# WORK ORDER
Output the exact lines that start at the one containing "Brazilian training vvessel" and continue to the last line of the entries below; do not output pictures.

Recorded data:
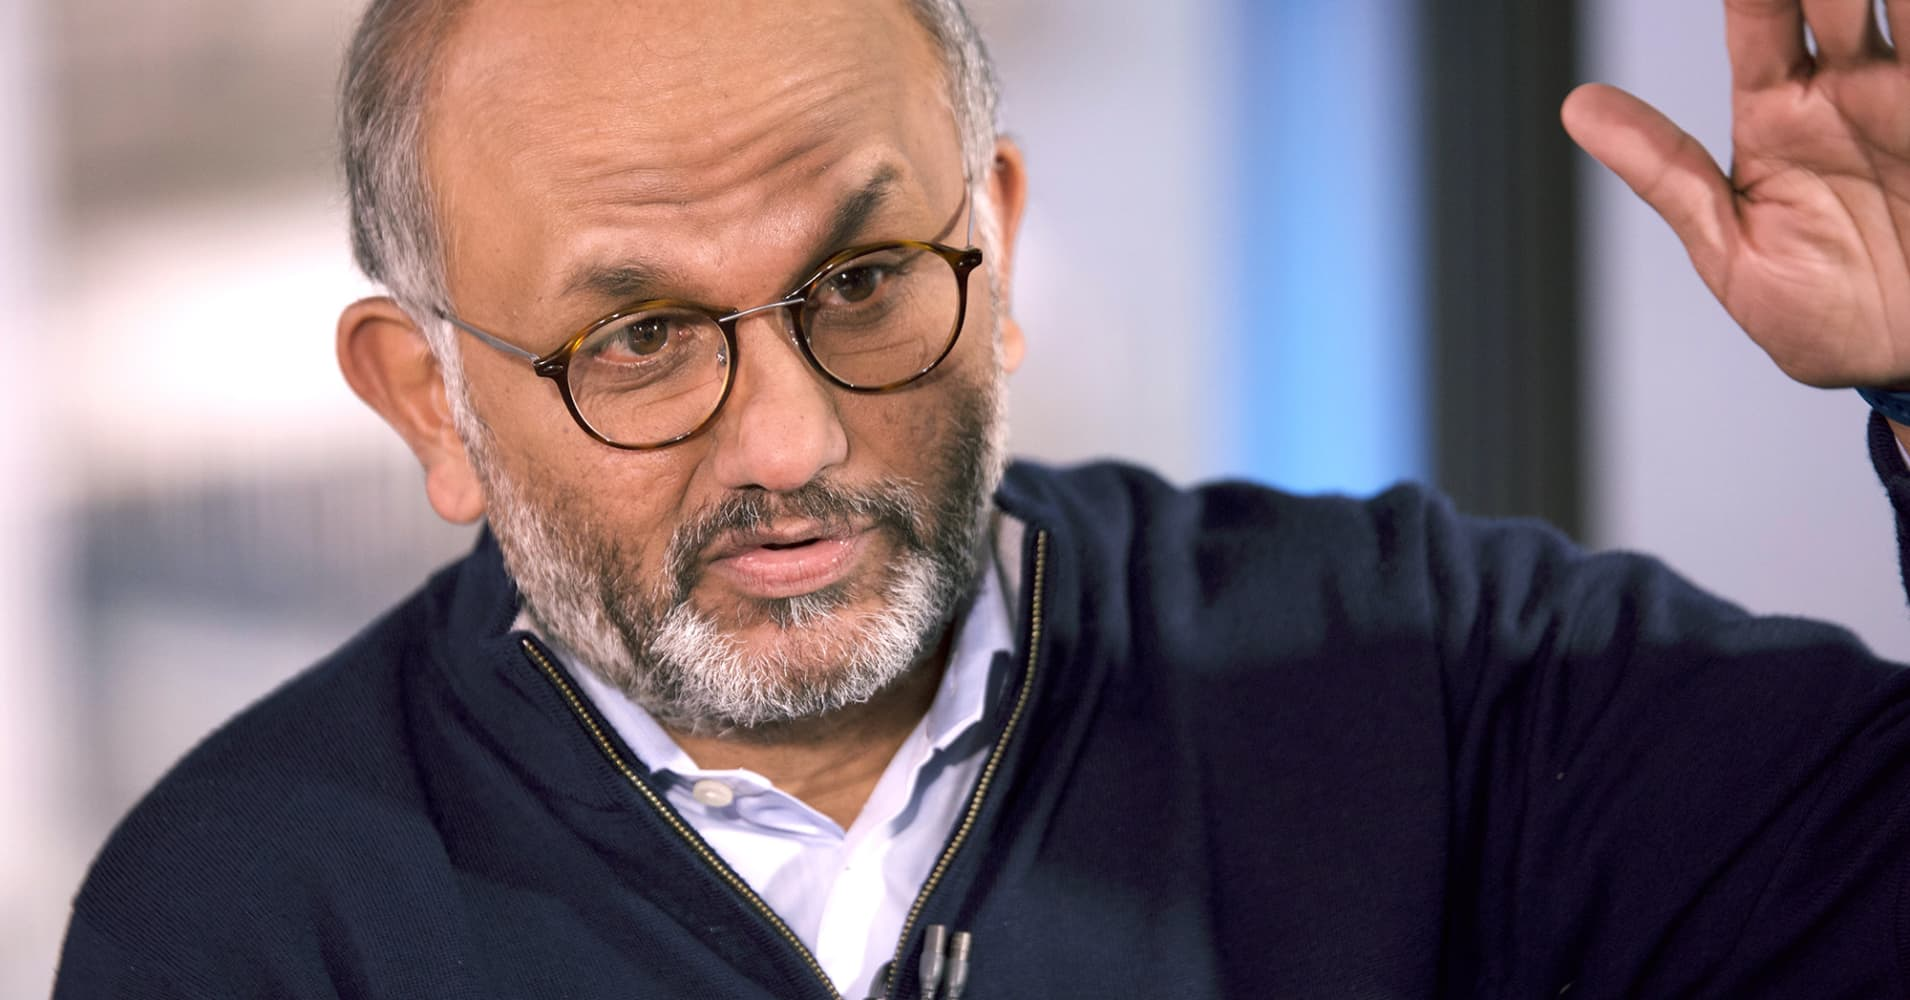 Adobe CEO: Microsoft partnership will automate sales, marketing with AI
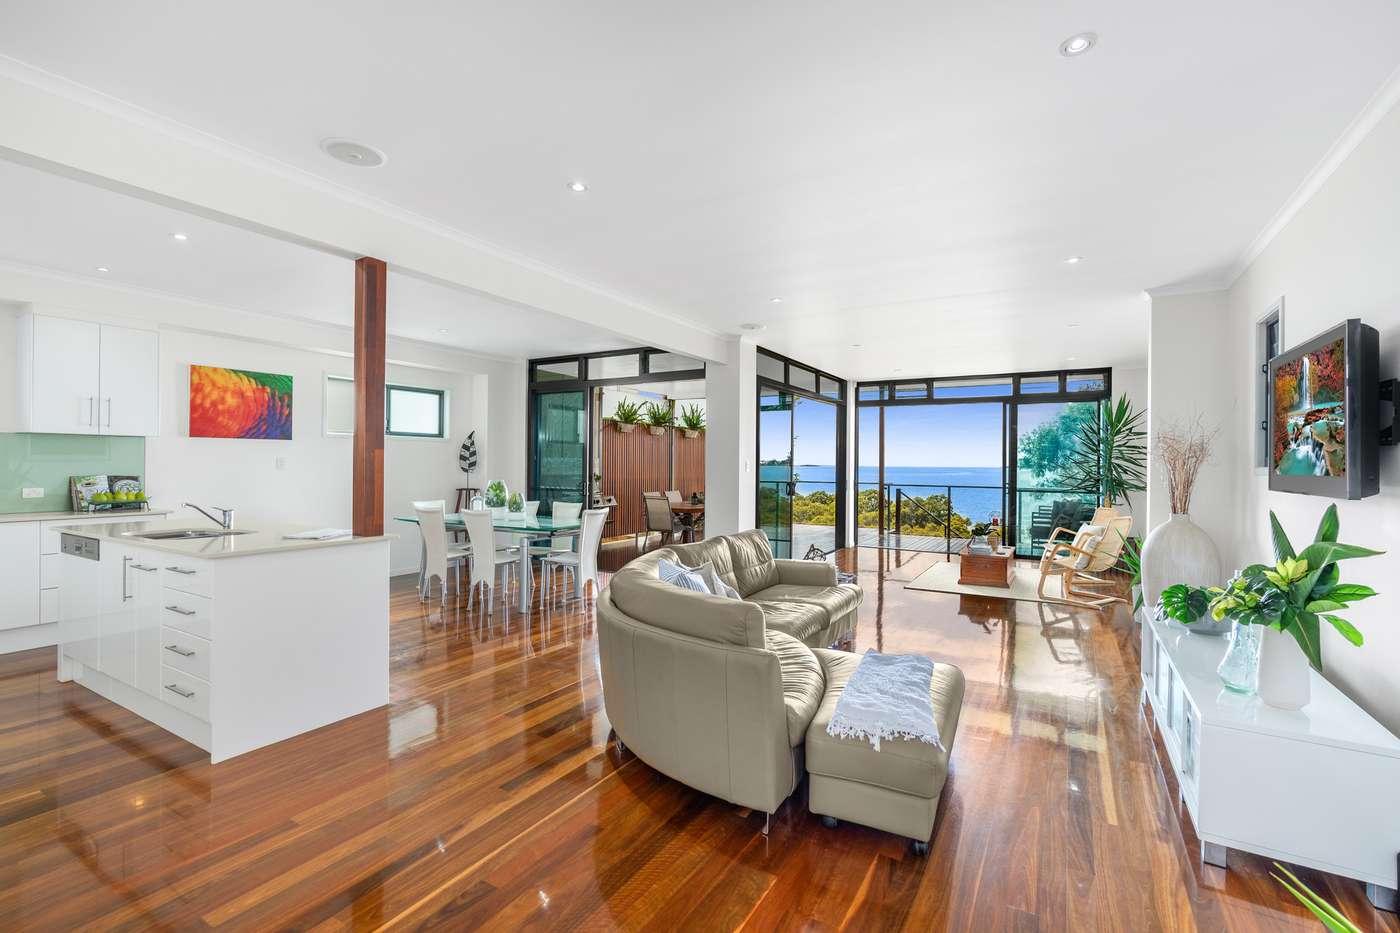 Main view of Homely house listing, 57 Mooroondu Road, Thorneside, QLD 4158
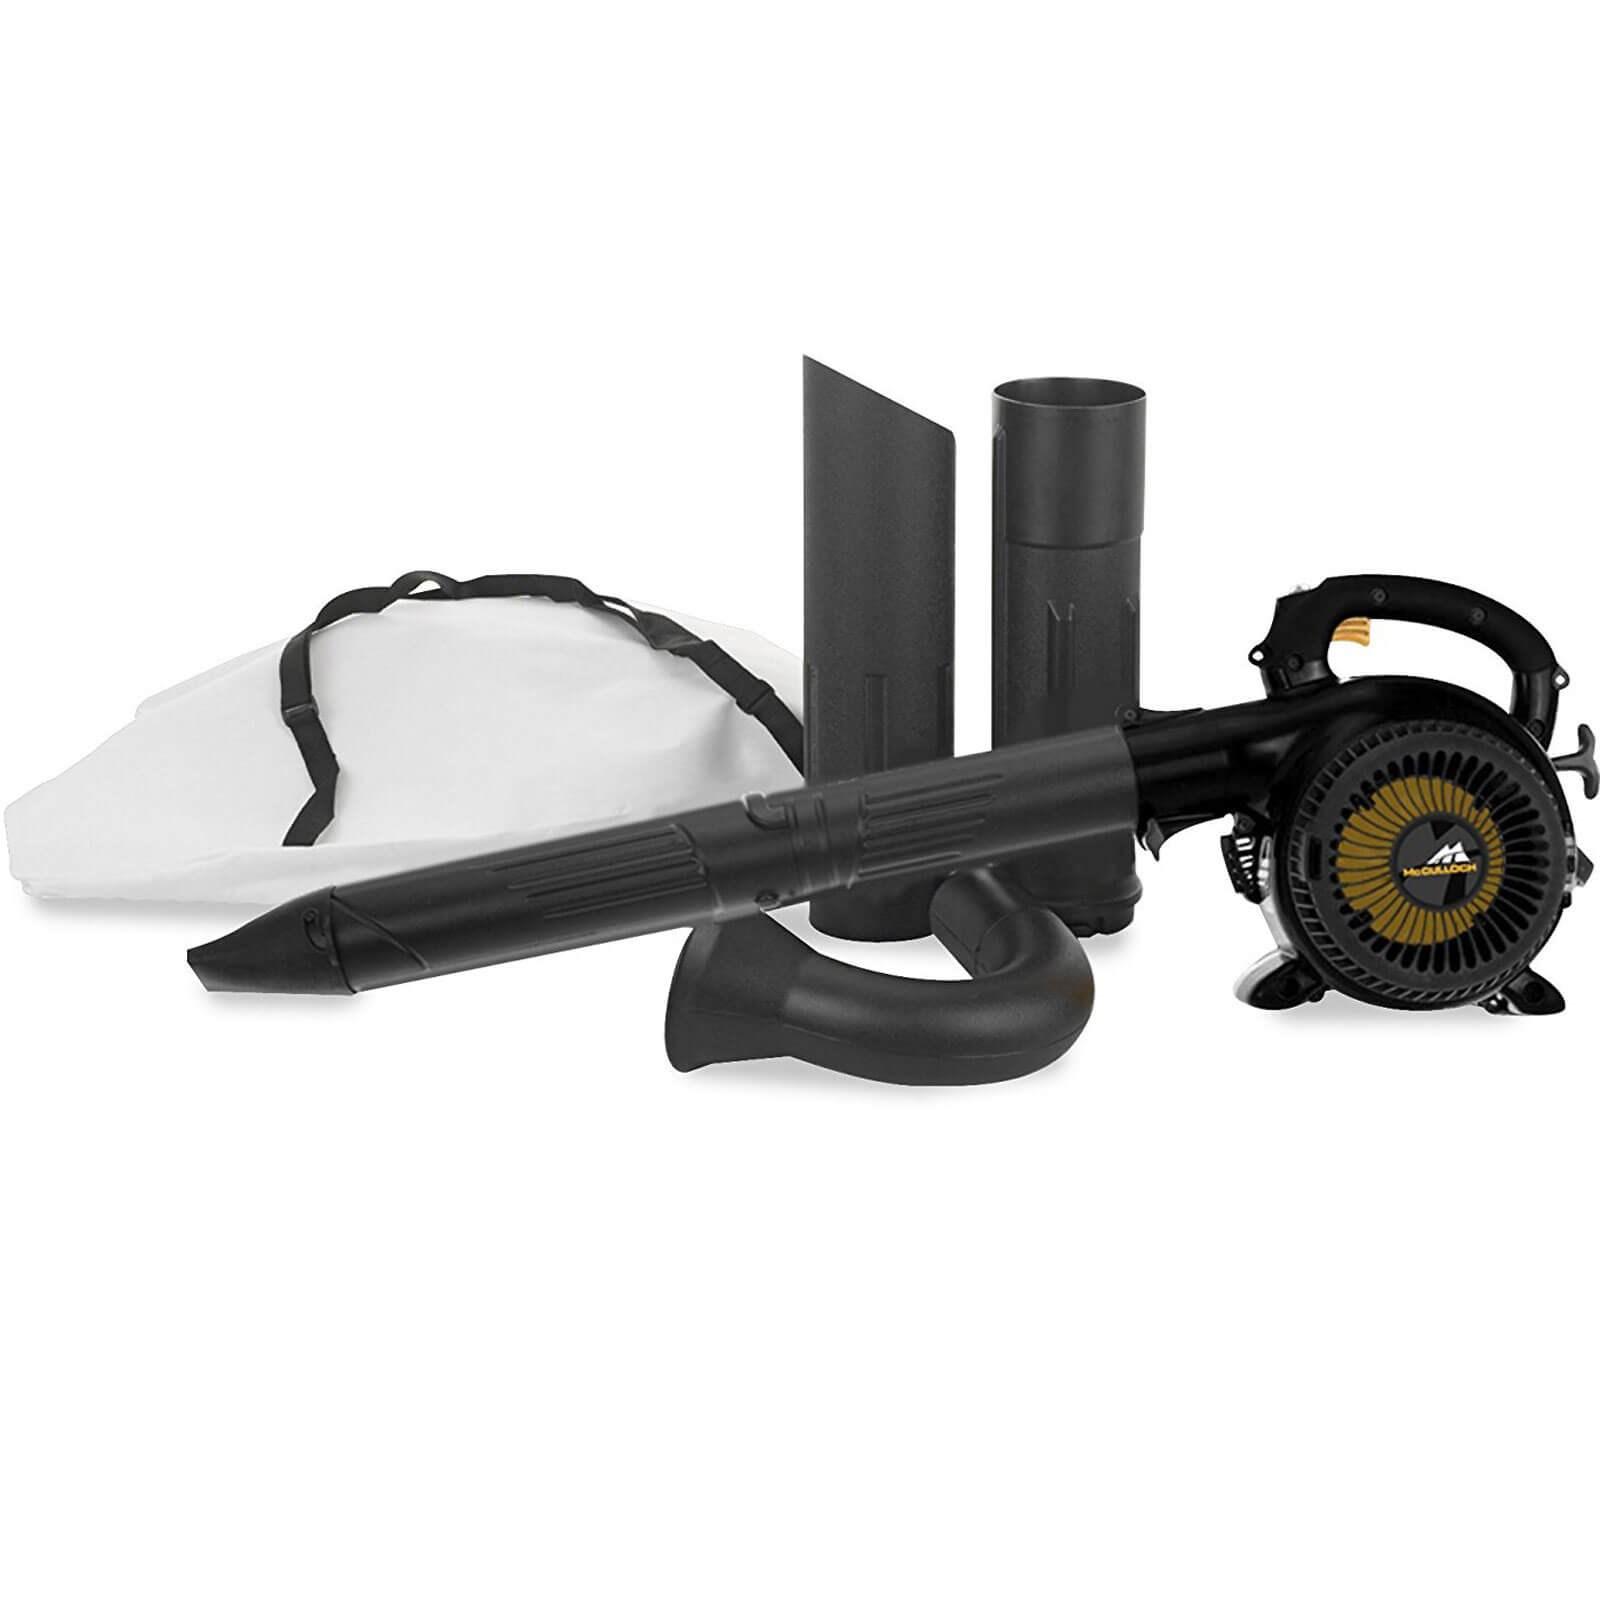 McCulloch GBV 325 Petrol Garden Vacuum and Leaf Blower
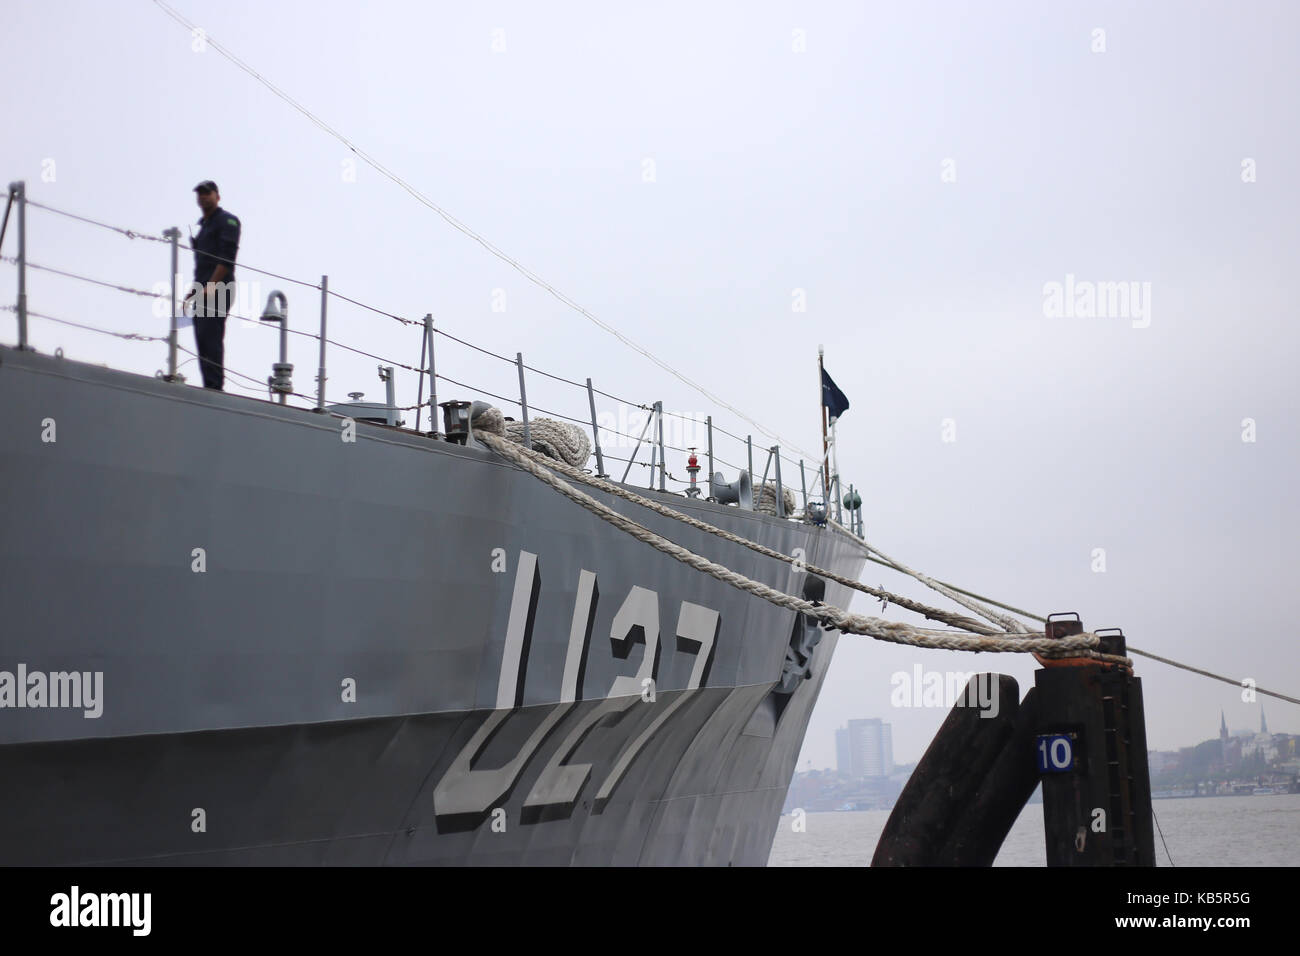 Brazilian training vvessel 'Navio Escola Brasil' anchors at a pier in Hamburg harbour, Germany, 28 September 2017. Stock Photo
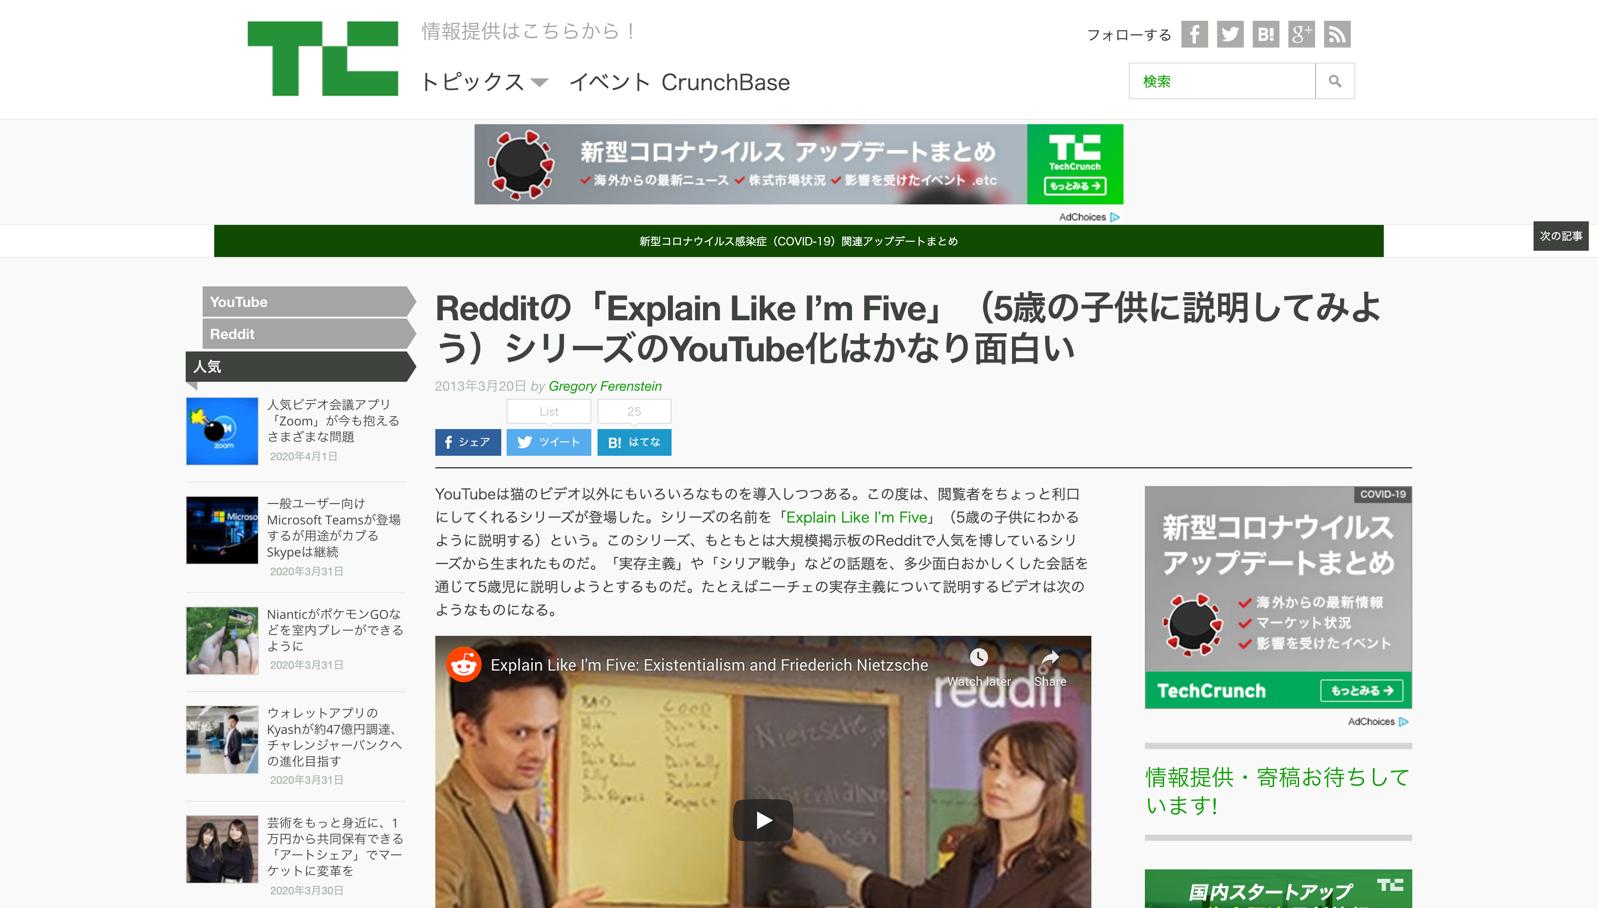 Redditの Explain Like I m Five 5歳の子供に説明してみよう シリーズのYouTube化はかなり面白い | TechCrunch Japan

# ANSWER TO THIS EXERCISE
 Brazilian training vvessel 'Navio Escola Brasil' anchors at a pier in Hamburg harbour, Germany, 28 September 2017. Stock Photo
 Redditの Explain Like I m Five 5歳の子供に説明してみよう シリーズのYouTube化はかなり面白い | TechCrunch Japan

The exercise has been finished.